In relazione a quanto sopra scritto, si deve affermare che le previsioni sulla disciplina del patteggiamento debba valere anche relazione al cosiddetto Codice degli Appalti (D. Lgs. 50/2016).
Come si legge su Diritto 24, in modo particolare si prende in considerazione l’articolo 80, che indica tra i motivi di esclusione dalle gare pubbliche anche la pronuncia di semplici sentenze di patteggiamento, rispetto alle sentenze di condanna pronunciate dopo un giudizio ordinario.
La conclusione dovrebbe essere che a fronte della immutata equiparazione prevista dall’articolo 80 Codice degli Appalti l’equiparazione tra sentenze di condanna e sentenze di patteggiamento debba venire meno a fronte dell’attuale disciplina dell’articolo 445 comma 1-bis del codice di procedura penale, dove previsioni come quelle del Codice degli Appalti non producono più effetti. 

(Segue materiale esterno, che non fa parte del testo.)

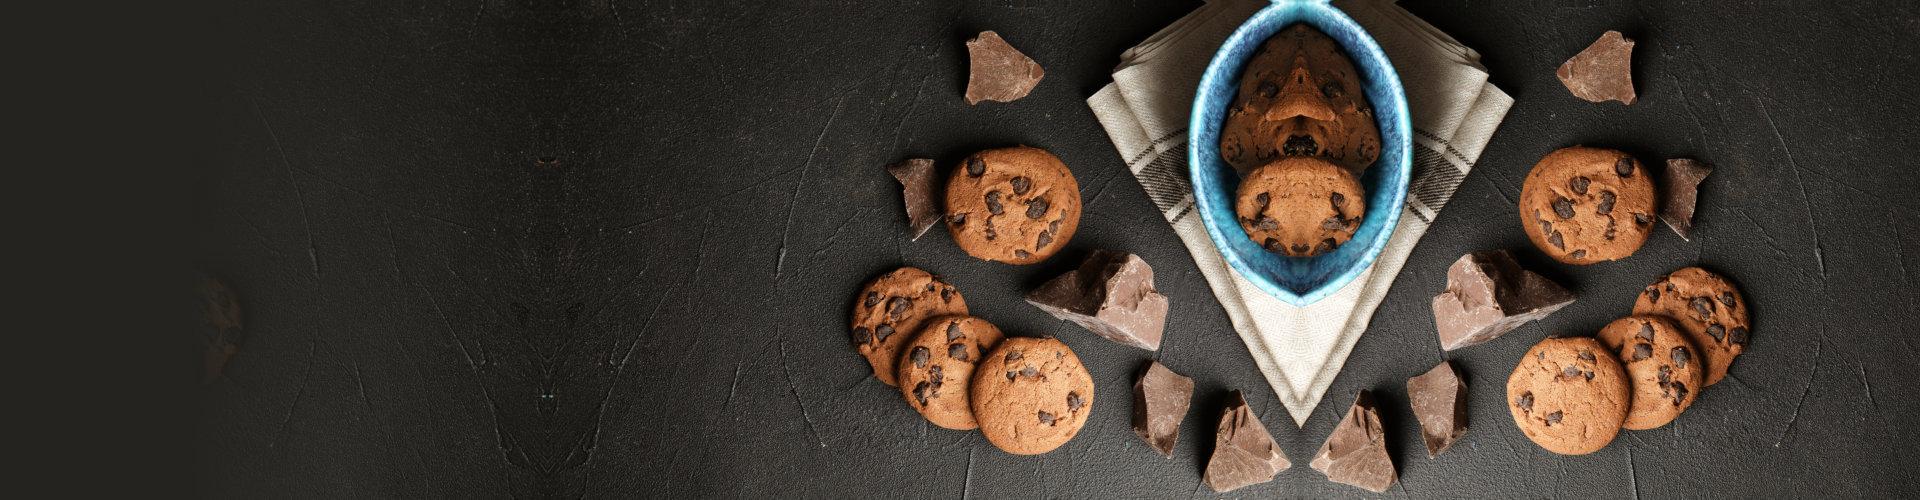 Tasty chocolate chip cookies on dark background, flat lay
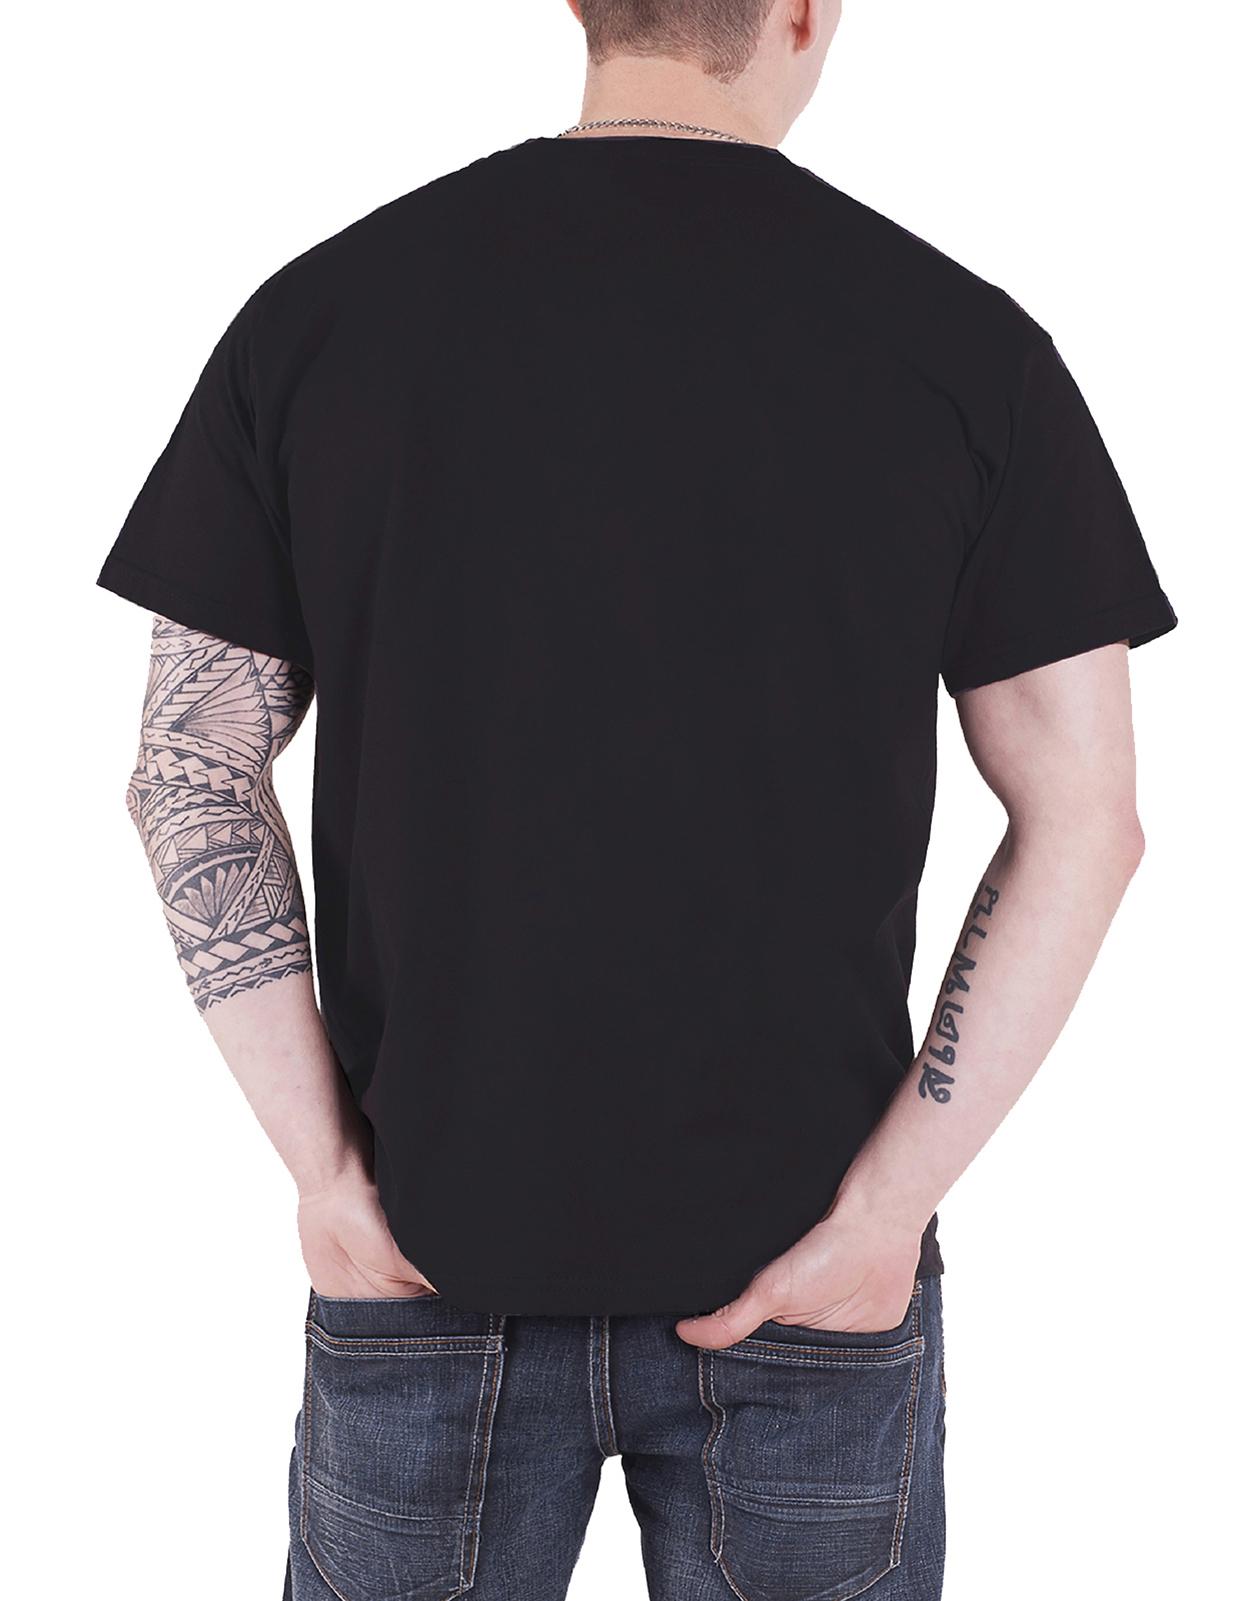 Official-Motley-Crue-T-Shirt-Shout-at-the-Devil-The-Dirt-Tour-Band-Logo-Mens thumbnail 42

Il risultato è che oggi una stazione appaltante non potrebbe più escludere un’impresa da una pubblica sulla base della sentenza di patteggiamento pronunciata nei confronti dei rappresentanti legali della stessa, con l’unica eccezione dei casi nei quali il giudice penale abbia espressamente applicato anche una pena accessoria.

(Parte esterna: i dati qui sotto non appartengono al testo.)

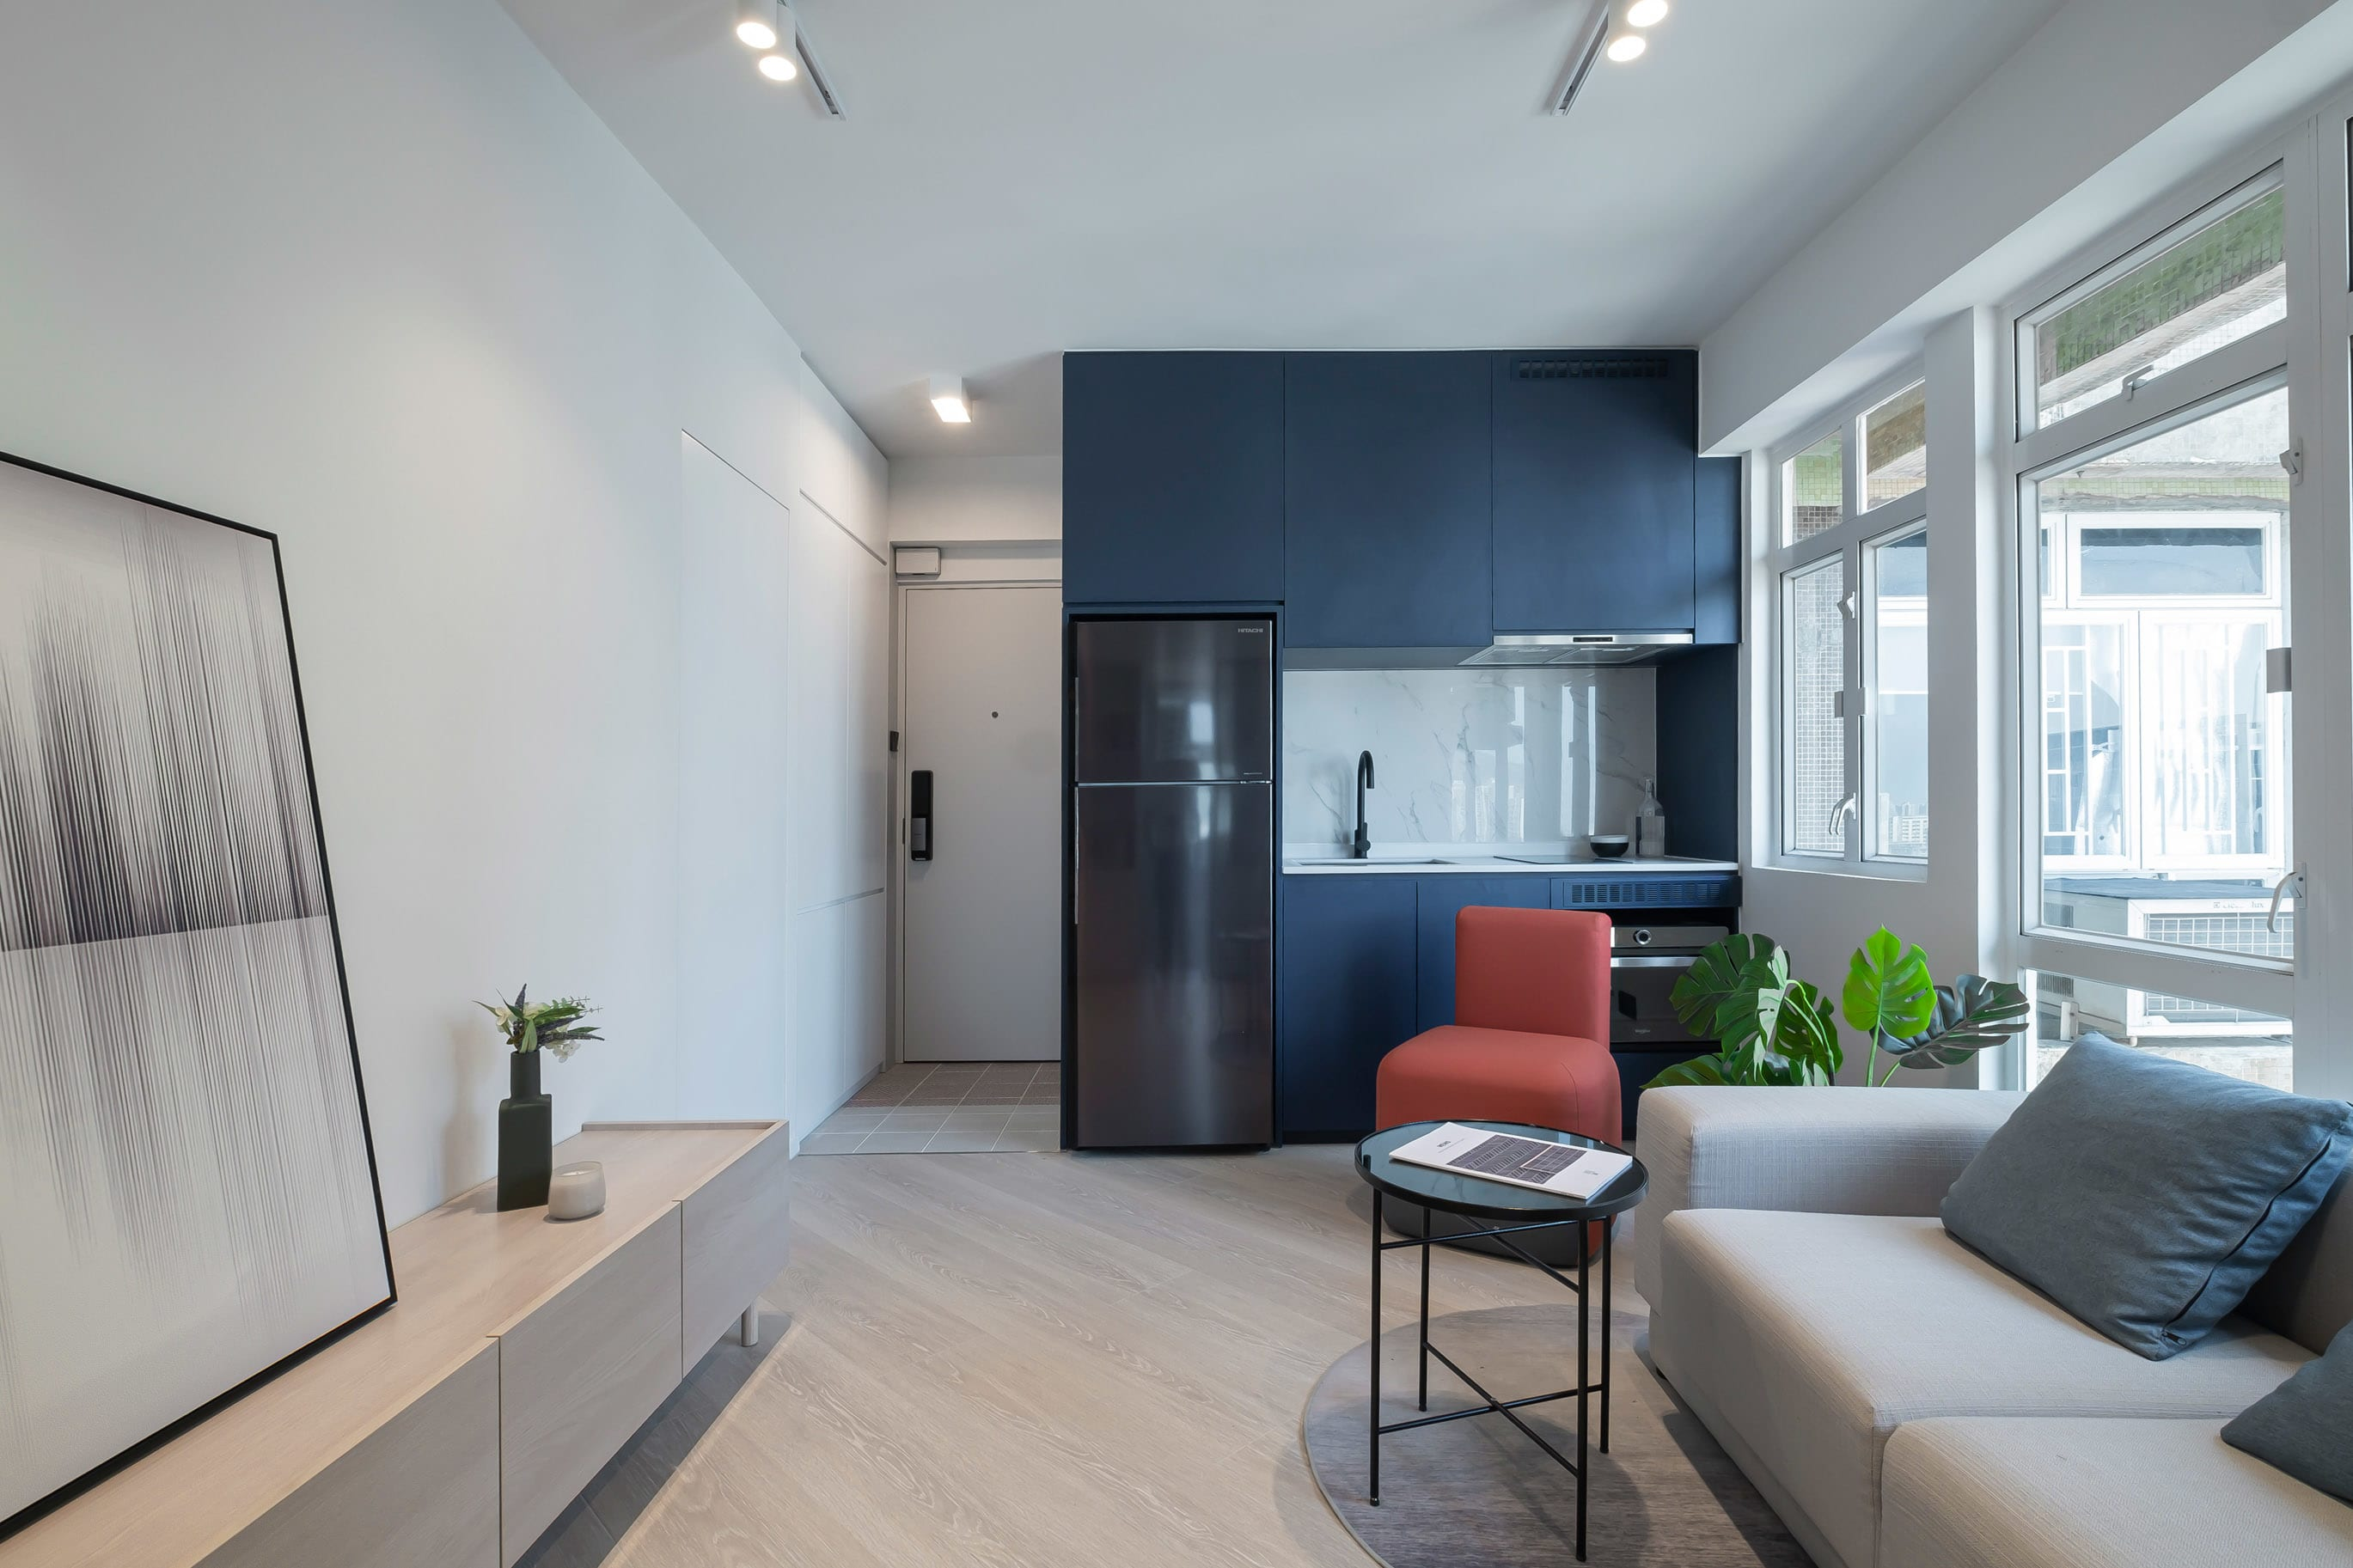 https://res.cloudinary.com/www-designidk-com/image/upload/v1627366105/articles/8918/Waldorf-Garden-zinc-studio-interior_4_sqemm6.jpg

Questa interpretazione è l’unica coerente con il senso e con la ratio dell’attuale disciplina del patteggiamento, che il legislatore non voleva che pregiudicasse le prospettive di lavoro e di carriera dell’imputato che sceglie di rinunciare a difendersi in dibattimento.
In un simile contesto, non sembra molto coerente la mancanza di coordinamento dello schema definitivo del cosiddetto Codice Appalti, il quale iter parlamentare è in corso a fronte dell’approvazione in via preliminare da parte del Governo lo scorso dicembre.
Lo schema definitivo dell’articolo  94 declina le cause di esclusione e ripropone pedissequamente (senza considerare la cd. Riforma Cartabia) il testo dell’articolo 80 del Decreto Legislativo n. 50/2016 (Codice Appalti attualmente in vigore), secondo il quale:
è causa di esclusione di un operatore economico dalla partecipazione a una procedura d’appalto la condanna con sentenza definitiva o decreto penale di condanna divenuto irrevocabile o sentenza di applicazione della pena su richiesta ai sensi dell’articolo 444 del codice di procedure penale per uno dei seguenti reati …”.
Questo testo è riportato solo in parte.